-- Data provided --
################

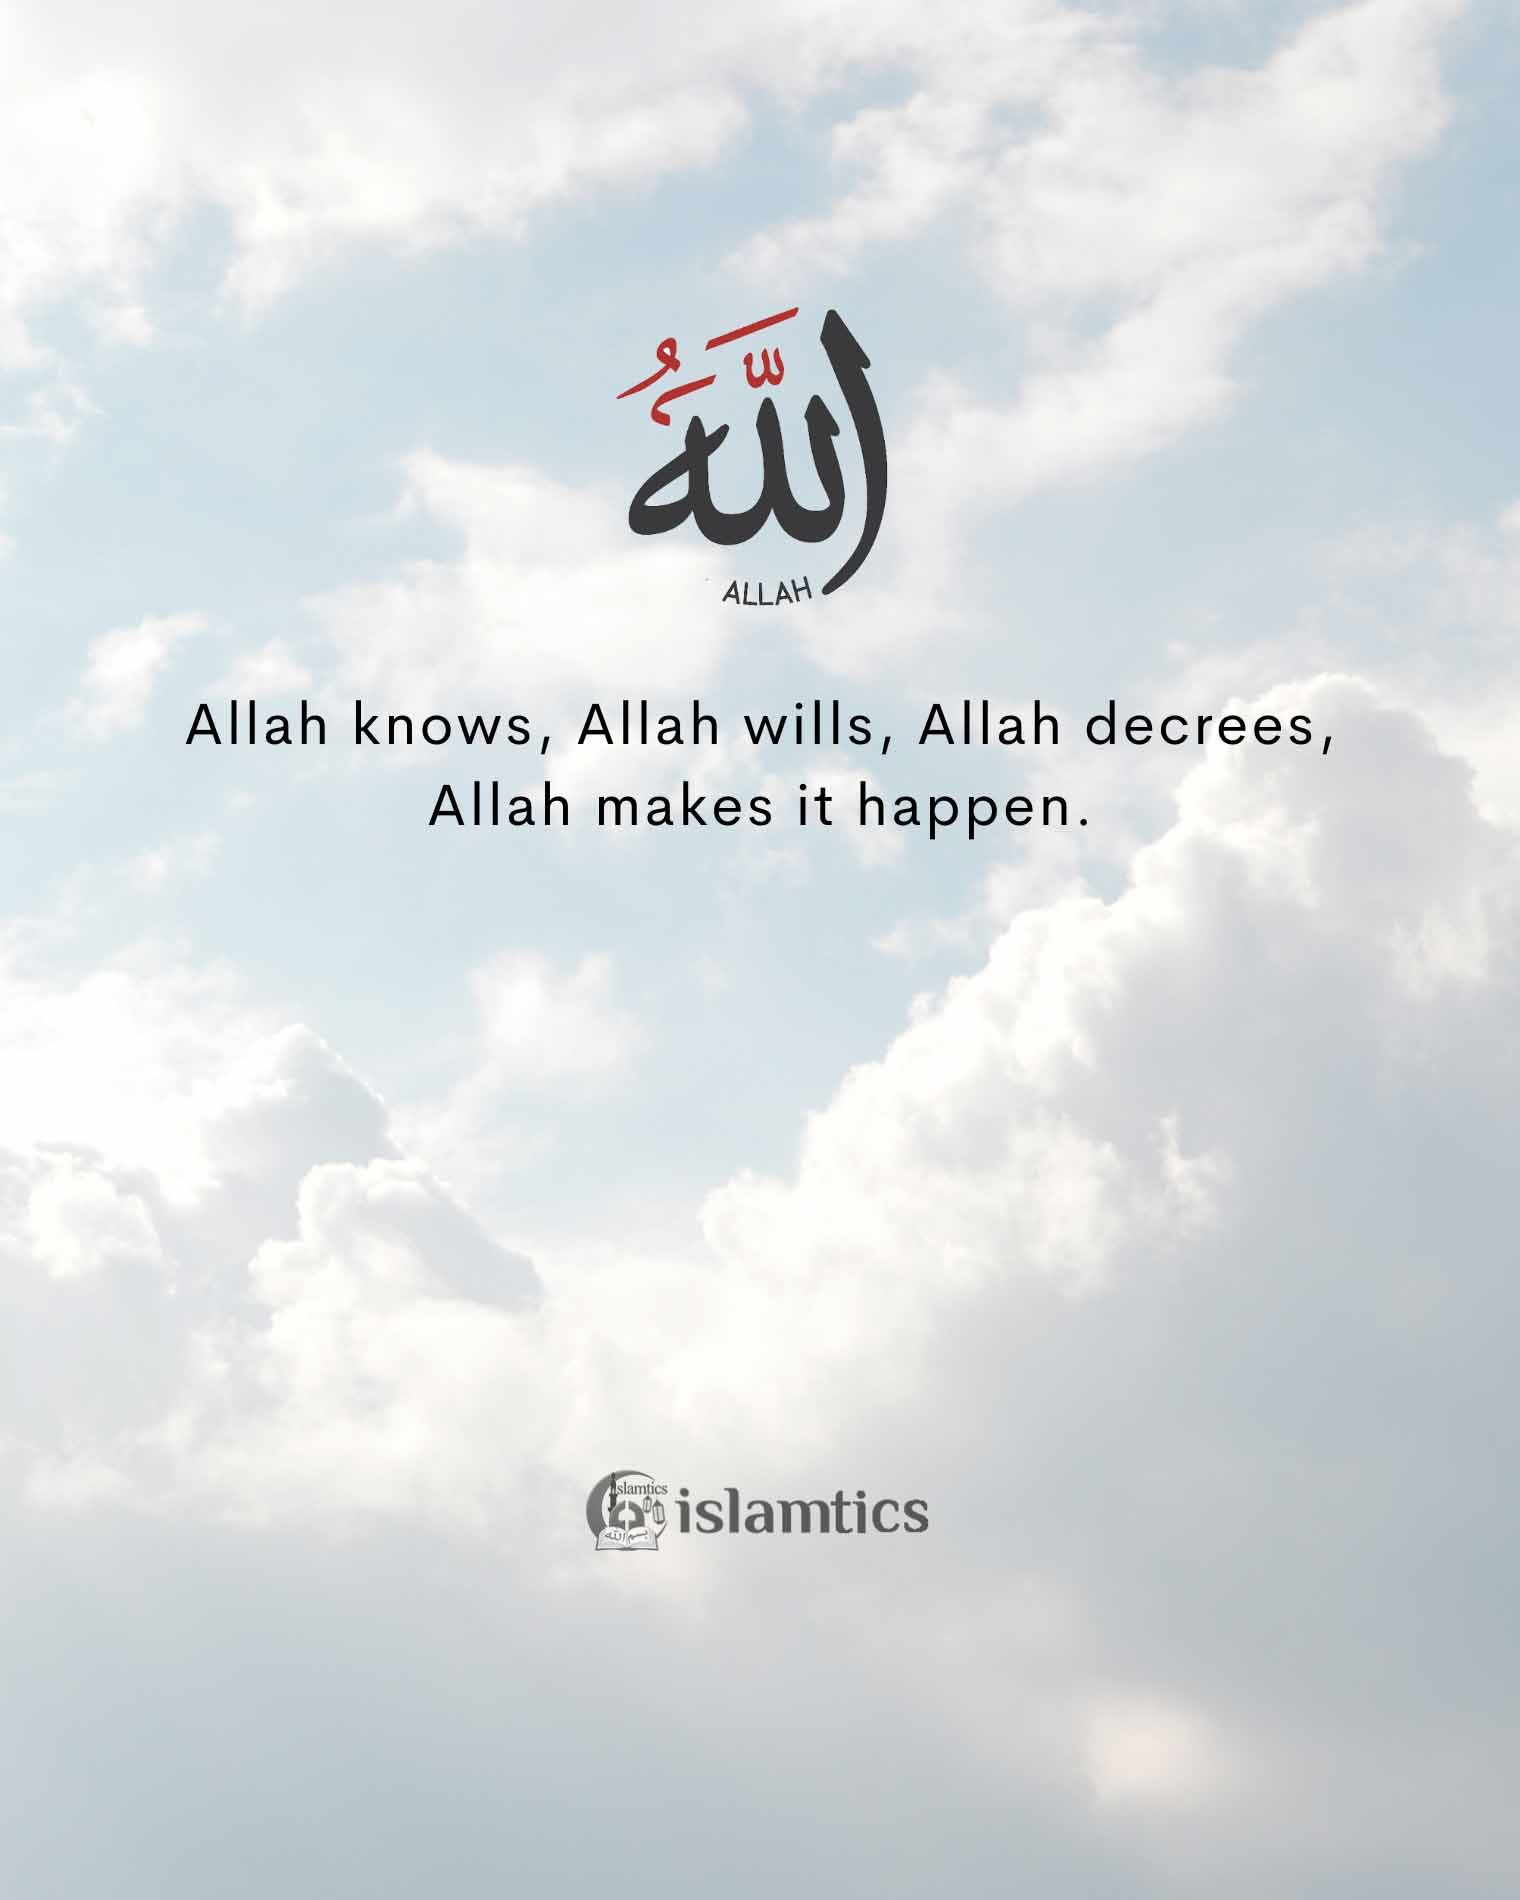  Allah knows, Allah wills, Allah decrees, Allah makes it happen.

################

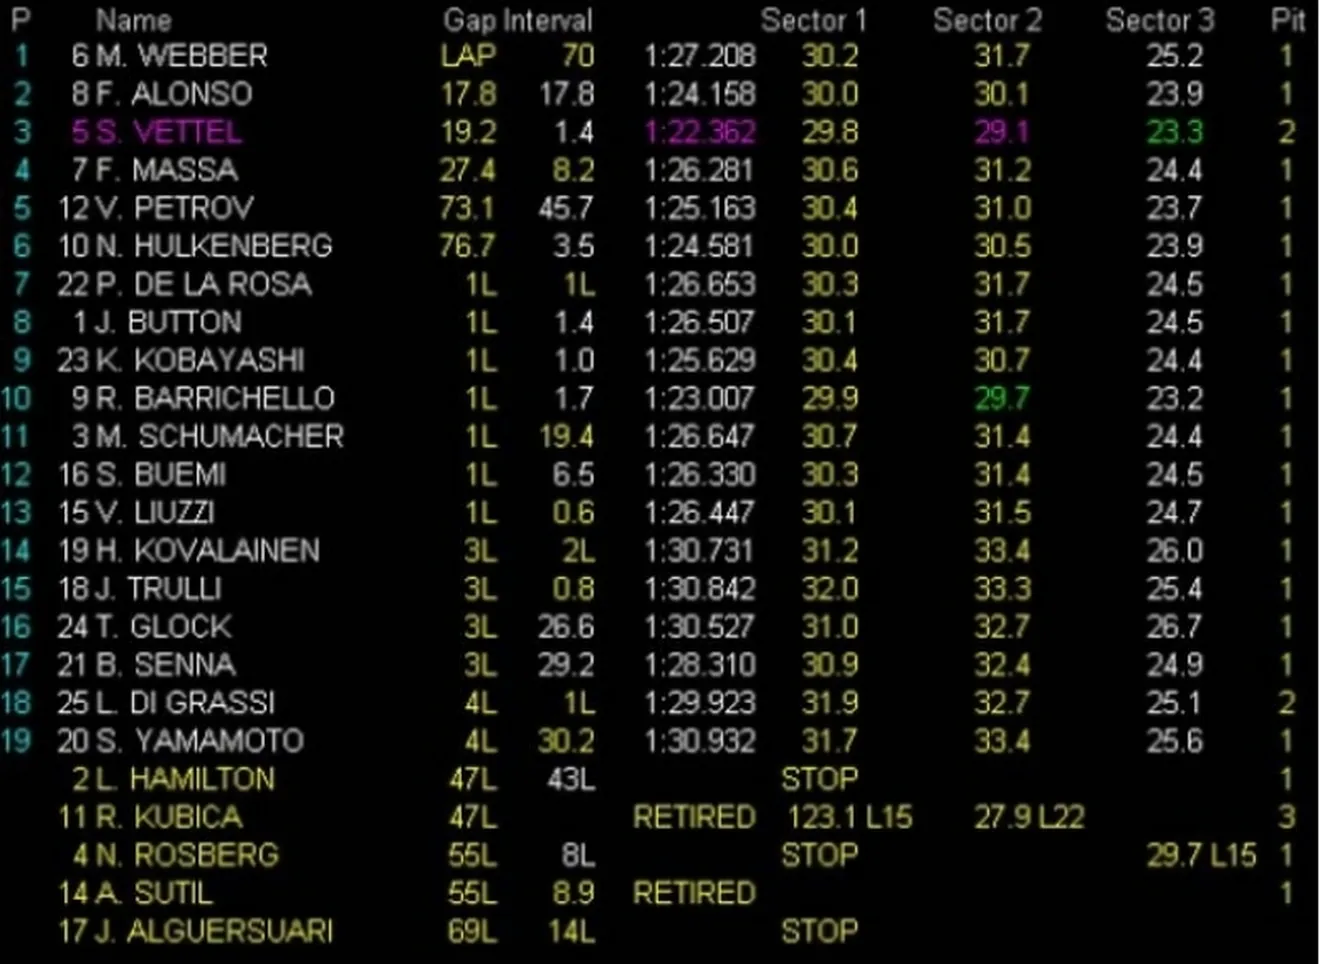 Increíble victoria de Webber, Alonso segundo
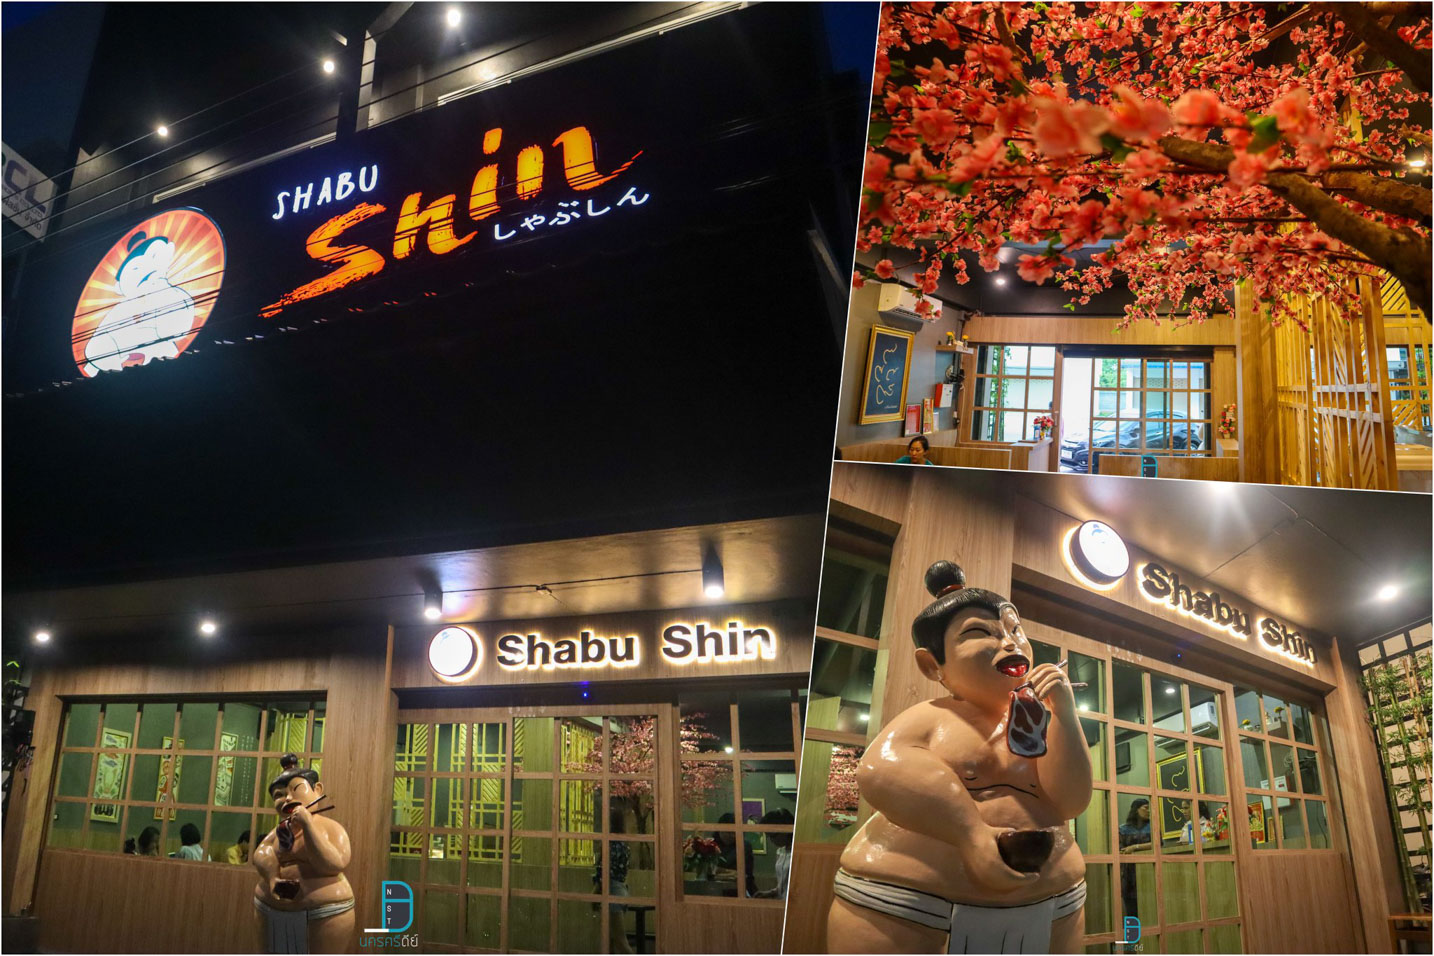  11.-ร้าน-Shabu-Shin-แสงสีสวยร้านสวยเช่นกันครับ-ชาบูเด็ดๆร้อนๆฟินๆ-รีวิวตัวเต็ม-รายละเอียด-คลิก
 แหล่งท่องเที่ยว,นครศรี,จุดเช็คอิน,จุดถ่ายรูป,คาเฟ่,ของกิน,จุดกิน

################

-- Work instruction --
Transcribe the listing above exactly, but only from the line with "11.-ร้าน-Shabu" through the line with "แหล่งท่องเที่ย". Include both of those lines and omit the pictures.

-- Answer box --
  11.-ร้าน-Shabu-Shin-แสงสีสวยร้านสวยเช่นกันครับ-ชาบูเด็ดๆร้อนๆฟินๆ-รีวิวตัวเต็ม-รายละเอียด-คลิก
 แหล่งท่องเที่ยว,นครศรี,จุดเช็คอิน,จุดถ่ายรูป,คาเฟ่,ของกิน,จุดกิน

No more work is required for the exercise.